2. Locate the Exchange virtual directory, for example, Web Sites\Default Web Site\Exchange
3. Right-click the Exchange folder click All Tasks, and then click Save Configuration to a File.
4. In the File name box, type a name. For example, type ExchangeVDir. Click OK.
5. Right-click the root of this Web site. Typically, this is Default Web Site. Click New, and then click Virtual Directory (from file).
6. In the Import Configuration dialog box, click Browse, locate the file that you created in step 4, click Open, and then click Read File.
7. Under Select a configuration to import , click Exchange, and then click OK.

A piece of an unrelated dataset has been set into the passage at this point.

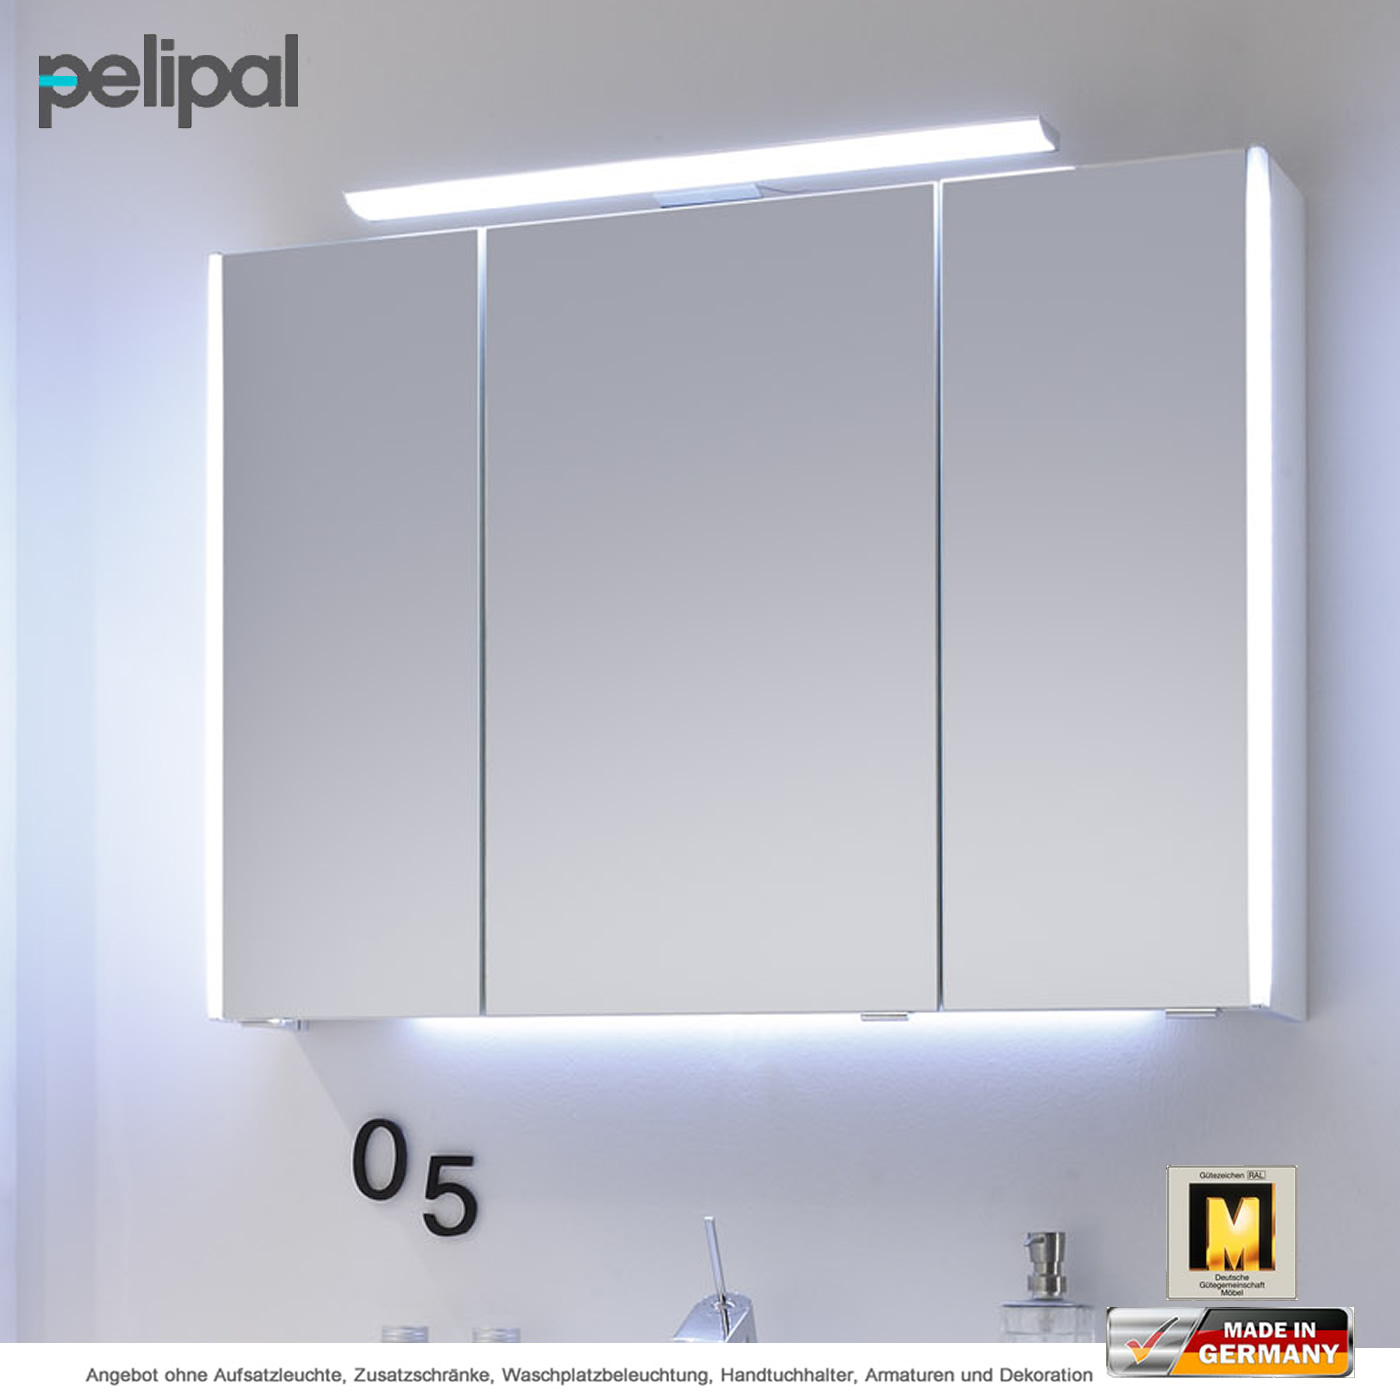 Pelipal Balto Spiegelschrank 92 cm mit 3 Türen | Impulsbad

A dialog box will appear that states that the "virtual directory already exists."
8. In the Alias box, type a name for the new virtual directory that you want Exchange ActiveSync and Outlook Mobile Access to use. In our case, it is exchange-oma. Click OK.
9. Right-click the new virtual directory. In this example, click exchange-oma. Click Properties.
10. Click the Directory Security tab.
11. Under Authentication and access control, click Edit.
12. Make sure that only the following authentication methods are enabled, and then click OK:


Integrated Windows authentication


Basic authentication

13. Under Secure communications, click Edit. Make sure that Require secure channel (SSL) is not enabled, and then click OK.
14. Click OK, and then close the IIS Manager.